Overheid wees aanvragen noodsteun ten onrechte af

De overheid heeft sommige afwijzingen van coronasteun aan bedrijven niet goed gemotiveerd en daarmee noodsteun ten onrechte afgewezen. Dat stelt het College van Beroep voor bedrijfsleven (CBb), die de overheid tot 22 januari de tijd geeft om dit op te lossen.

Het gaat om de TVL-regeling, waarbij ondernemingen een tegemoetkoming van de vaste lasten konden aanvragen. Bij de berekening van die steun wordt rekening gehouden met de volgorde waarin de Kamer van Koophandel bedrijfsactiviteiten in het register noteert. Daarbij zou volgens de overheid de eerst vermelde activiteit de hoofdactiviteit zijn, en dus bepalend voor de berekening van de steun.

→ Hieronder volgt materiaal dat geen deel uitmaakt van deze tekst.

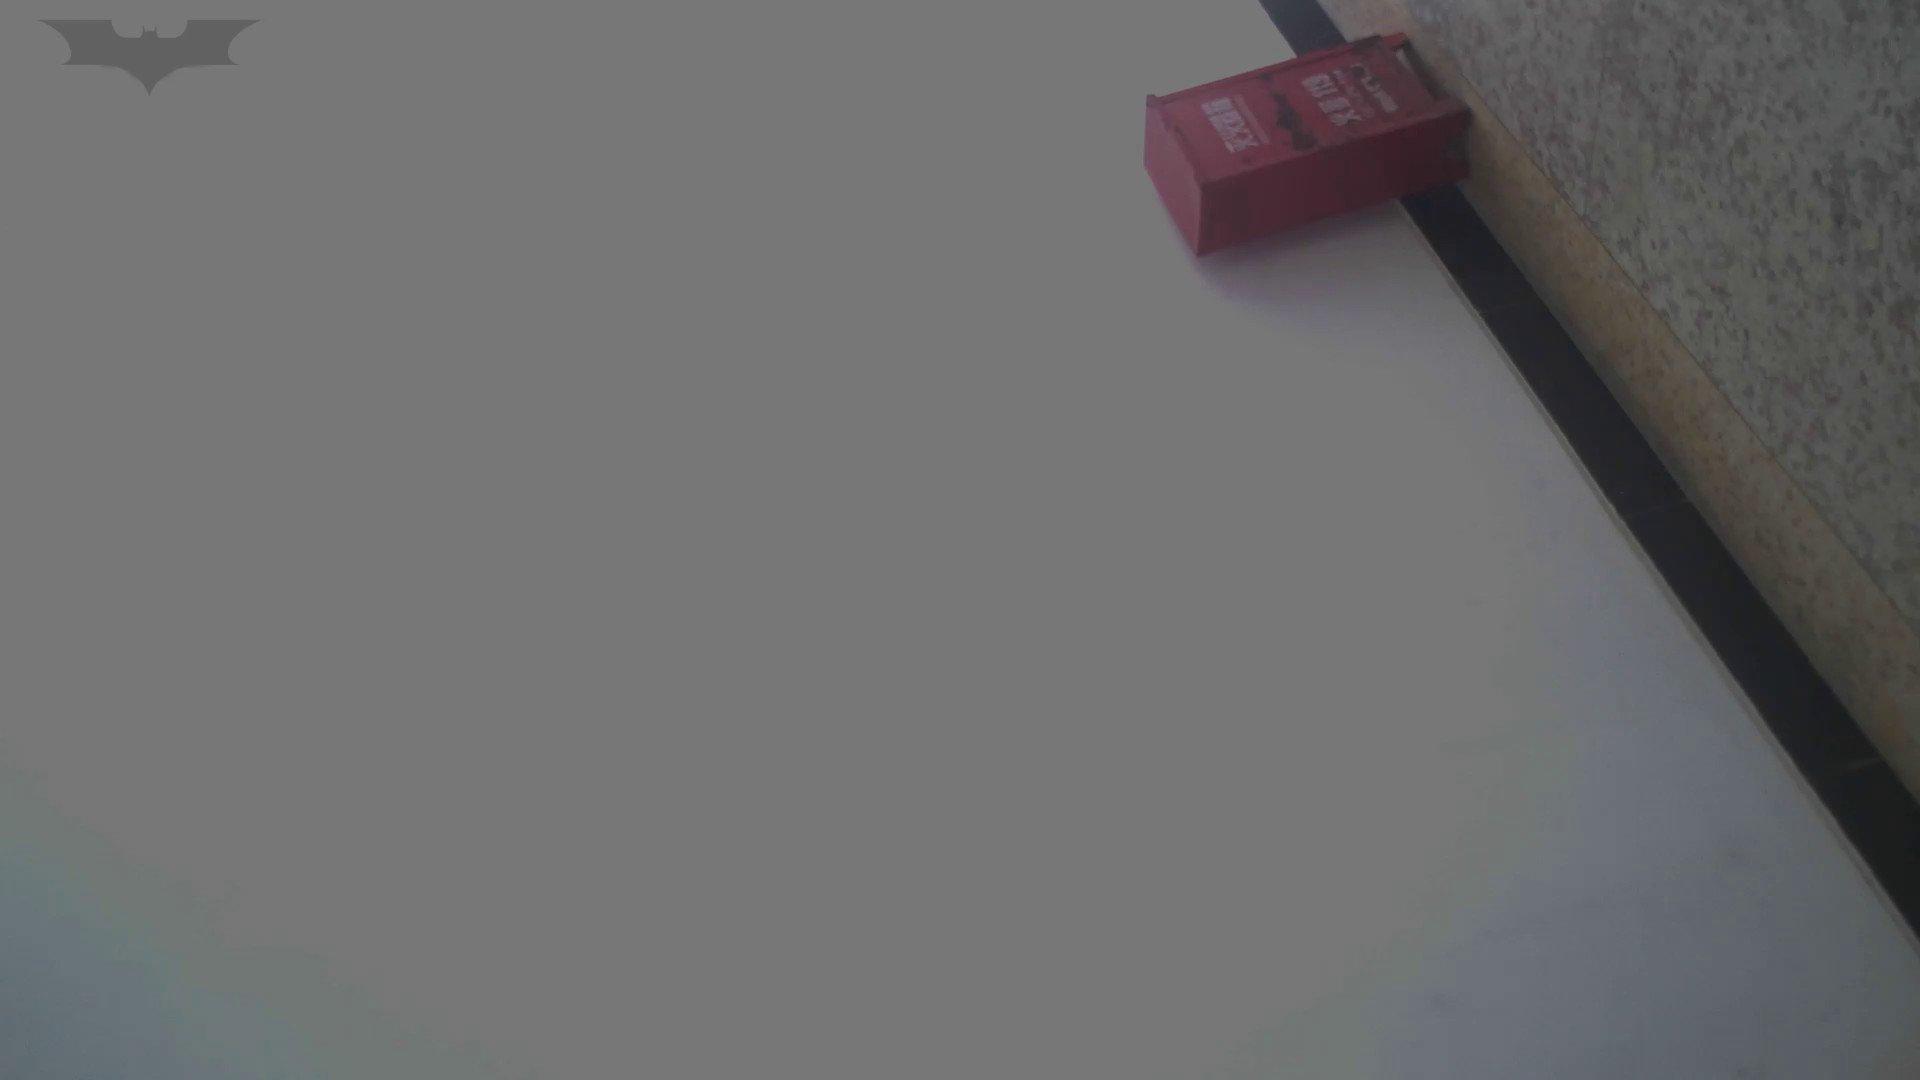 JD盗撮 美女の洗面所の秘密 Vol.09 盗撮映像大放出 エロ画像 87連発 58
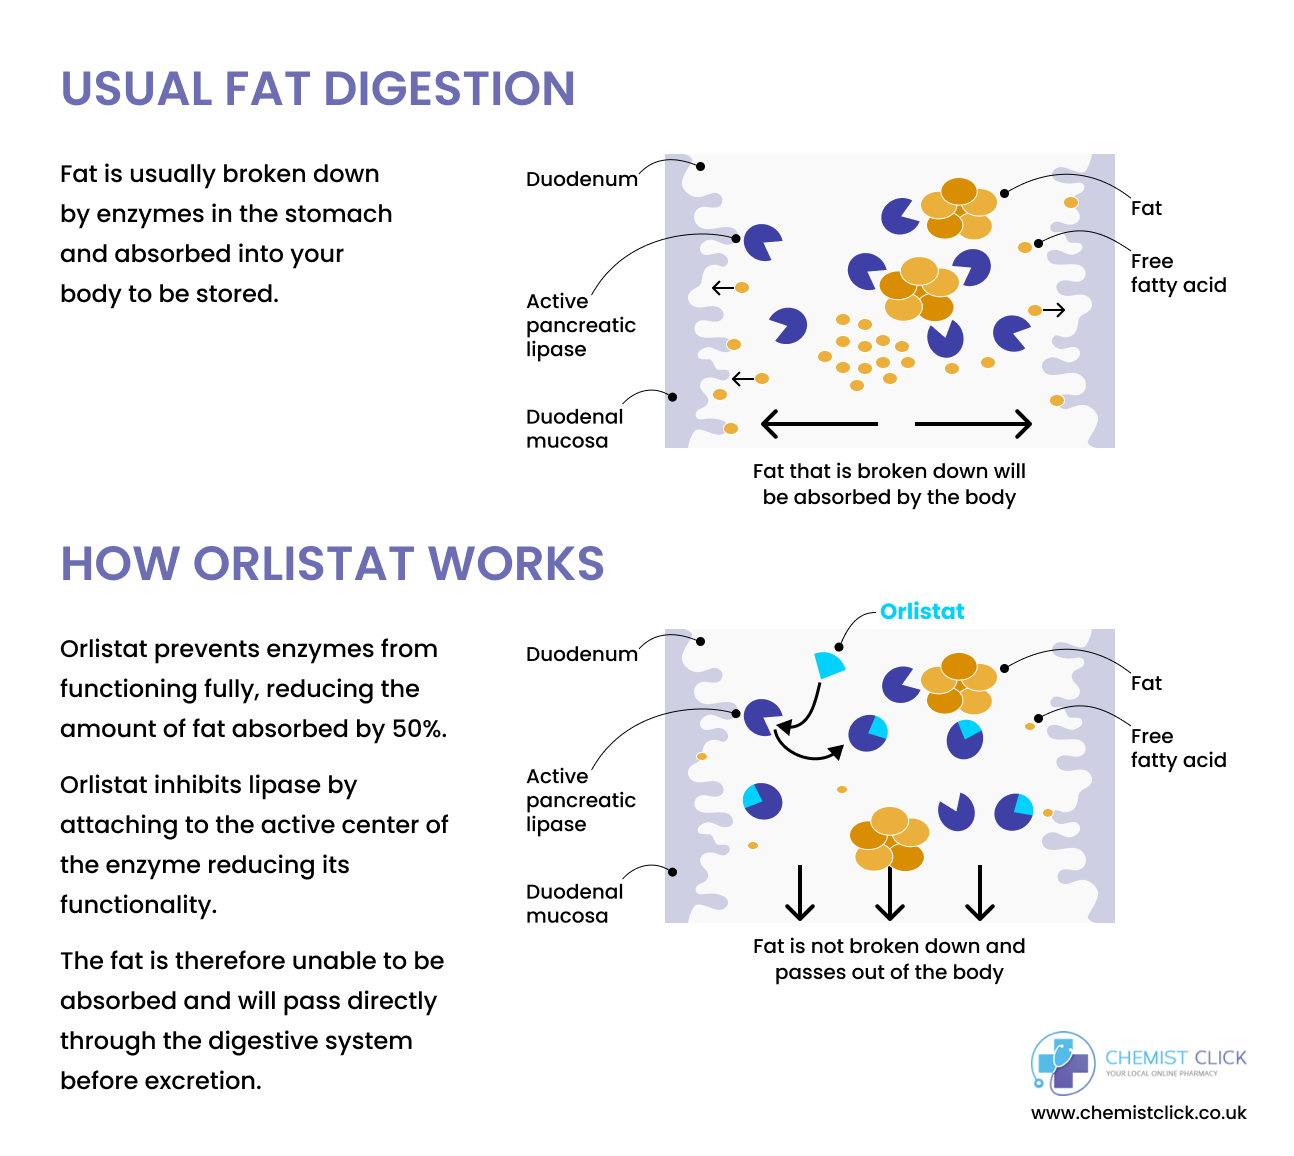 Orlistat mechanism of action

Zo was er in een van de zaken waarover het CBb uitspraak deed, een ondernemer die als winkel in fotografische artikelen en als binnenvaart (passagiersvaart en veerdienst) stond ingeschreven. In het verleden was de fotostudio zijn hoofdactiviteit, inmiddels is dat de chartervaart.

Het CBb heeft beslist dat de overheid niet automatisch van de volgorde uit het handelsregister mag uitgaan, als de ondernemer dit bestrijdt. "Reden is dat in de regelgeving niet bepaald is welke activiteit als hoofdactiviteit moet worden gezien." De klagende ondernemers hebben dus gelijk gekregen van het college, dat in deze zaken eindrechter is.

De uitspraken behoren tot de eerste oordelen van het CBb over de coronasteun van de overheid. In totaal zijn er drie uitspraken gedaan over de TVL en vier uitspraken over de tegemoetkoming voor ondernemers uit getroffen sectoren (TOGS). In die laatste zaken is overigens bepaald dat de overheid een ondernemer wel mag houden aan de inschrijving in het handelsregister.

Een ondernemer is zelf verantwoordelijk voor de juistheid van die inschrijving, stelt het college. Daardoor kan de overheid steun weigeren aan een ondernemer als zijn inschrijving niet aansluit bij de feitelijke bedrijfsactiviteiten. Bijvoorbeeld wanneer het bedrijf in maart stond ingeschreven als organisatiebureau en de ondernemer later aantoont dat hij feitelijk horecaondernemer is. De overheid heeft de betreffende aanvragen voor noodsteun op grond van de TOGS-regeling volgens het CBb terecht afgewezen.